Asch had growled at him to get in line, and it looked like the first one in that line would be Asch himself.

"Yes, of course," Natalia agreed, although she was mostly thinking about something else. "He's acting a lot like… No, he simply doesn't know what he's doing. I suppose, considering the others… There was nothing there but hate. I don't think he knows how to show that he cares unless it's to manipulate and lie, as Van did. He seems embarrassed. It's not just shyness." She had hoped it was that, when she and Asch were attempting to find their way back to understanding each other, trying to regain what they'd had as children. "How strange. I always thought that Asch, or my Luke, and I would be together, and you and this Luke, even if as servant and master, and here we are. Or, I suppose not exactly. They are planning to raise the child together, and I can't see them… Of course it is possible that they'll not get married, in fact would it even be legal? Our country's laws will need to be changed to account for replicas…"

Marriage. Of course, Guy obviously wanted children, and he wasn't going to let them be illegitimate, so of course he was going to get married, but even if he was technically a duke his duchy had sunk into the miasma and there was now not much but scythed-bare islands with a permanent storm over them left of the Hod Archipelago. Well, yeah, there were Feres' ruins and the replicas there, which he was going to take responsibility for, of course, but Natalia was the future Queen of Kimlasca and… Well, who was she going to marry? If she wasn't the rightful heir then Asch was, but Asch had repudiated his family ages ago and his claim to the throne recently. Natalia really should marry back into the royal family, not even a, um…

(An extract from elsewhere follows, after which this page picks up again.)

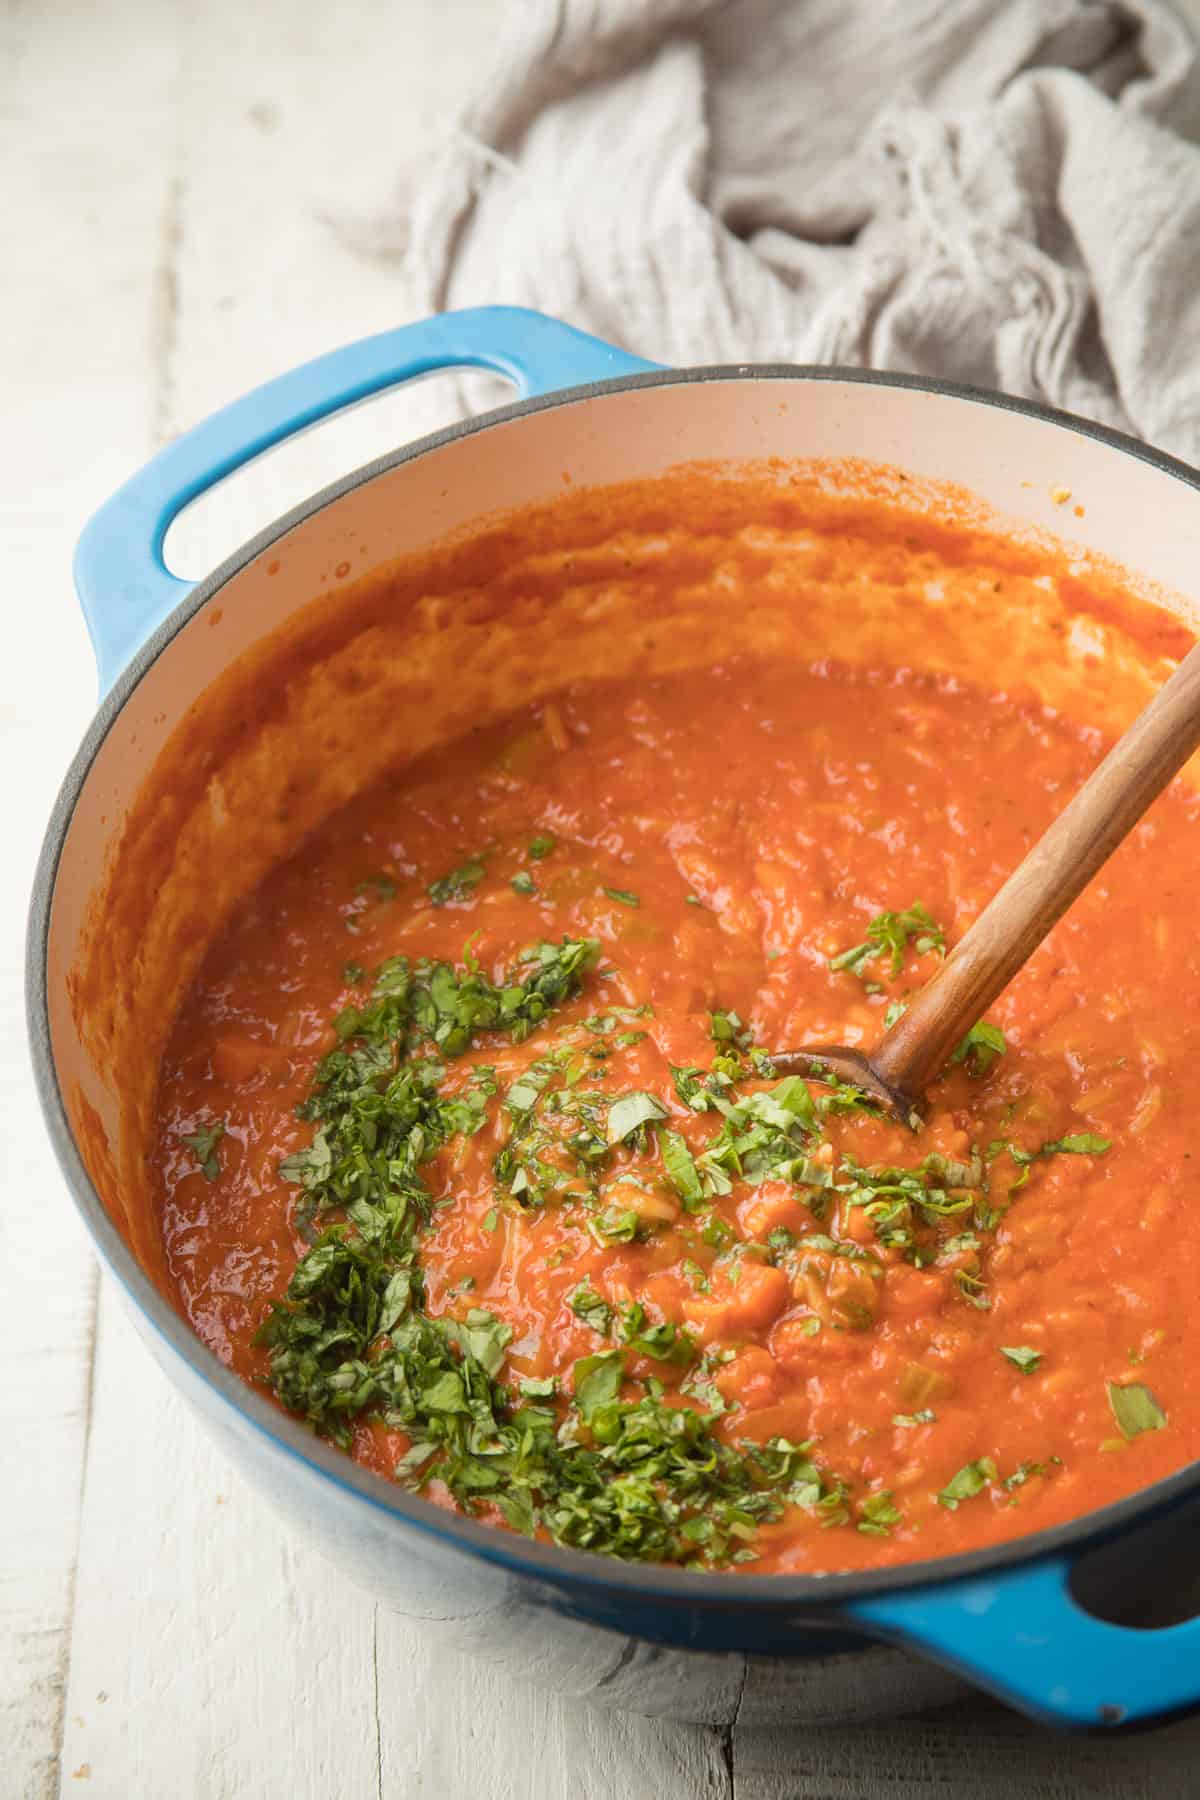 Spoon stirring basil into a pot of Tomato Orzo Soup.
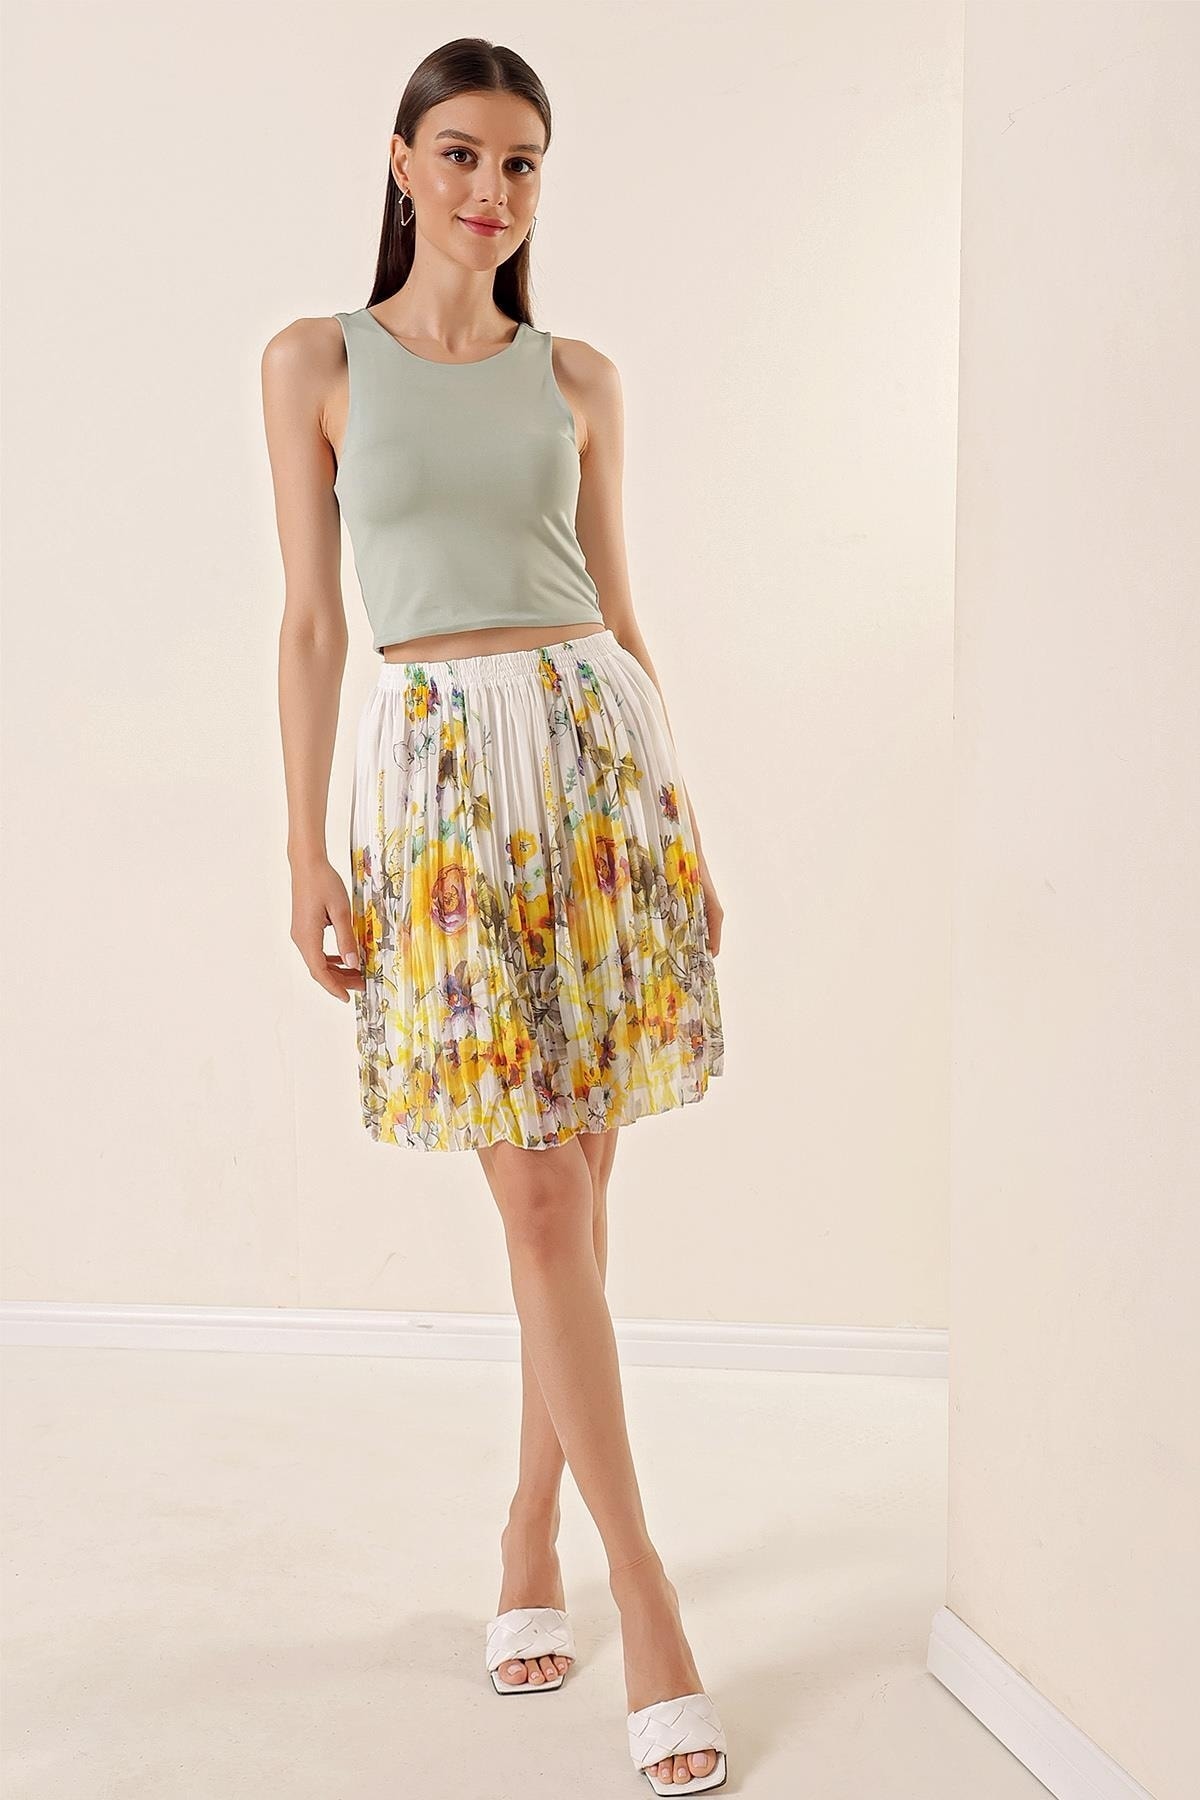 Levně By Saygı Elastic Waist Lined Large Flower Patterned Short Chiffon Skirt Yellow

Was Guy technically a Malkuth nobleman? He'd never personally sworn any oaths and you couldn't really get more broken a king-liegeman oath than what Malkuth had done to Hod. Which essentially meant that Feres, and Guy, were independent. So, if he married Natalia, one of their kids would be the next Duke of Hod/Feres, and so Kimlasca would have title to the place.

That would probably be enough of an incentive for the king and nobles to go for it. He'd probably be stuck with Prince Consort to a Queen Regnant instead of King, but…

He was 22, Natalia was 18, so… And if they had kids, they could play with Luke's, and… "Um, Natalia?"

"What is it, Guy?"

"Um…" Was there some way to ask a woman if it was okay to ask her to marry him? Maybe Jade would know, he'd been raised a commoner. Nobles were engaged as children and didn't have to worry about this. The last thing you wanted was to be in love with your spouse. If you were in love with them then you could fall out of love and that sort of thing led to wars. Of course, most commoners married who the Score told them to also, so maybe that wouldn't help.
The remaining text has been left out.